Глава двадцать девятая

Мадам Габриэль в раздражении хлопнула рукой по стопке дорожных документов, которые Симона выложила на ее письменный стол, — паспорта, российская и турецкая визы и пояс-кошелек с российскими, турецкими и персидскими деньгами. В то время как она полагала, что Симона проходит стадии чувственного наслаждения и влюбленности, девчонка влюбилась прямо под ее острым носом. Раздражение мадам усиливалось еще и оттого, что внучка намеревалась отправиться в Персию вместе с этим ювелиром, даже имя которого бабушка не дала себе труд запомнить.

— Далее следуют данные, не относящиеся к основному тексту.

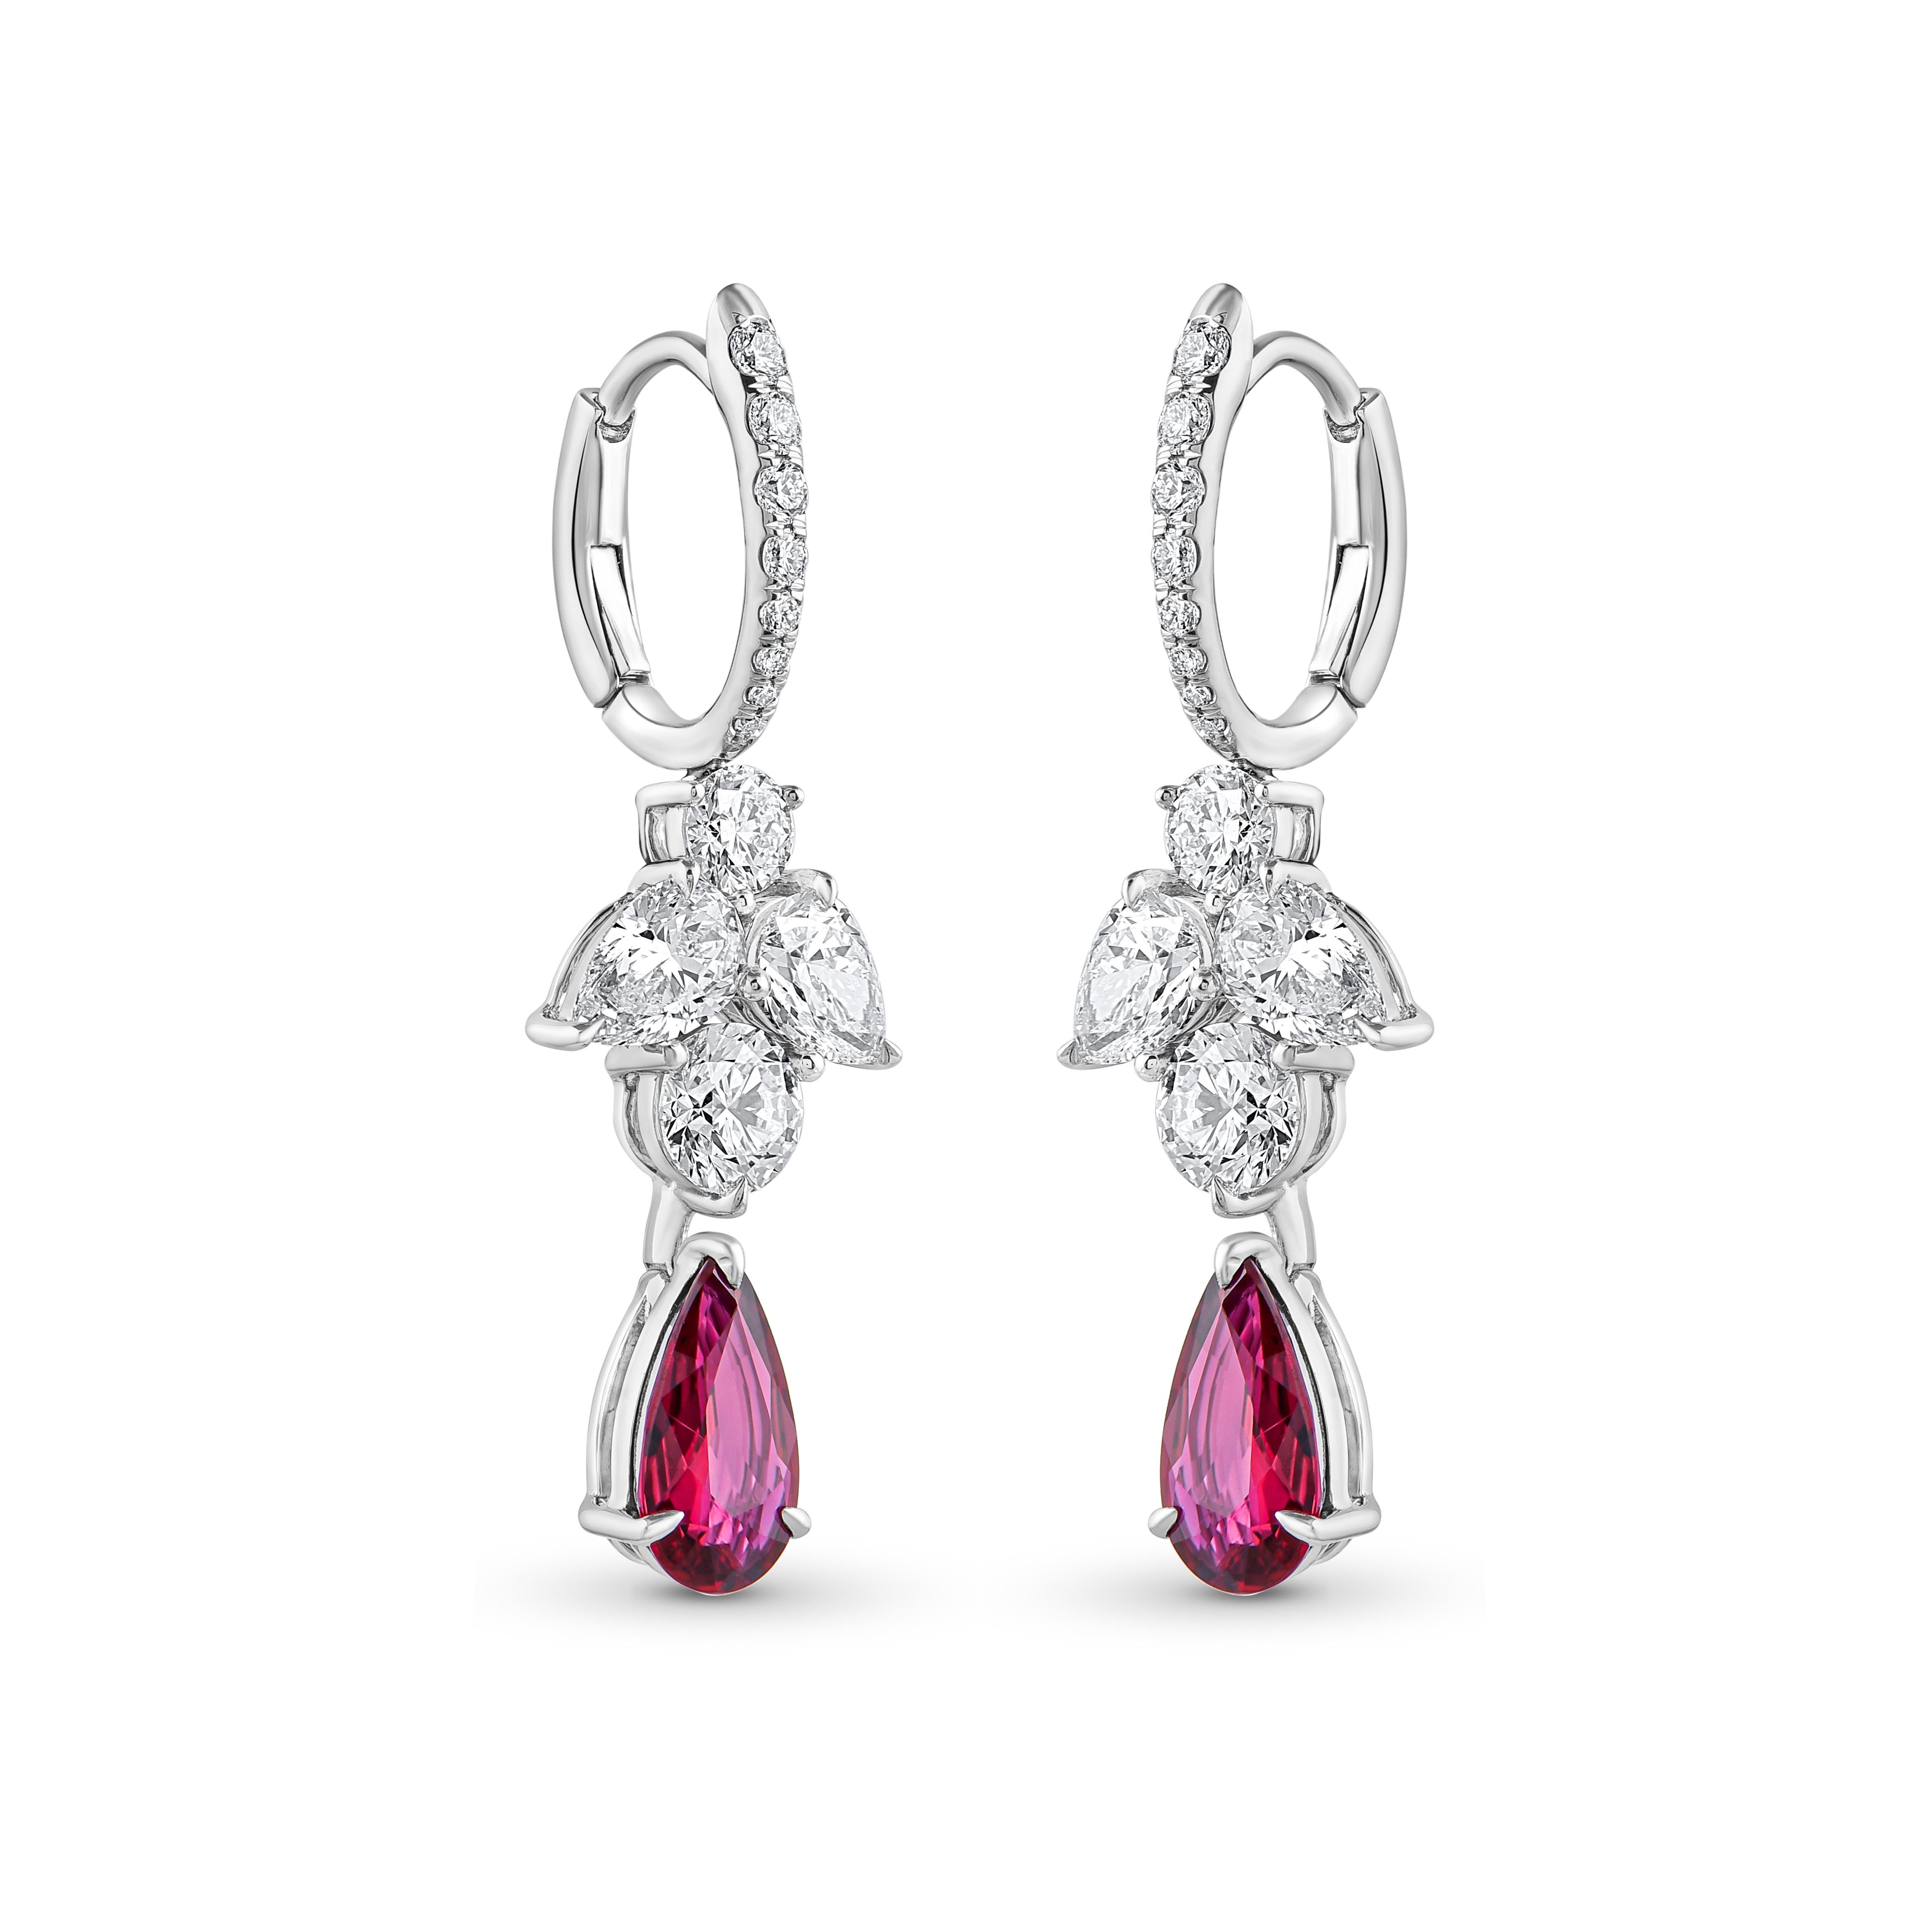 Inspired by the JOY of experiencing a gushing waterfall, these exquisite and elegant dangling earrings from the Cascade Collection are studded with brilliant cut diamonds and ruby dripping delicately.

Beautifully designed, these earrings will

Доказательства высились перед ней на столе. Карта с проложенным маршрутом до Марселя и Батуми, билеты на поезд до Баку, а также проездные документы на переход через Каспийское и Черное моря в Рашт. С неохотой она была вынуждена признать, что путь следования был выбран с умом. Они намеревались отправиться самым коротким и самым быстрым путем, вместо того чтобы трястись на лошадях в утомительном переходе по горным тропам. Поездку на «Восточном экспрессе» из Парижа в Константинополь можно было бы даже назвать не лишенной приятности, если бы не страх перед грабителями. Она сама была в числе первых пассажиров этого экспресса, оборудованного и запущенного в эксплуатацию компанией «Compagnie des Wagons-Lits», когда он только начал совершать регулярные рейсы. Она была молодой и глупой, и то, что пассажирам порекомендовали обзавестись ружьями и пистолетами, привело ее в полный восторг. Впрочем, первую ночь она провела без сна, сидя в своем купе с ружьем на коленях, и сейчас ей снова хотелось взять его в руки и направить на Симону, которая смотрела на нее с вызывающим выражением в глазах цвета желтой меди.

Она снова ударила ладонью по столу, отчего документы разлетелись в разные стороны.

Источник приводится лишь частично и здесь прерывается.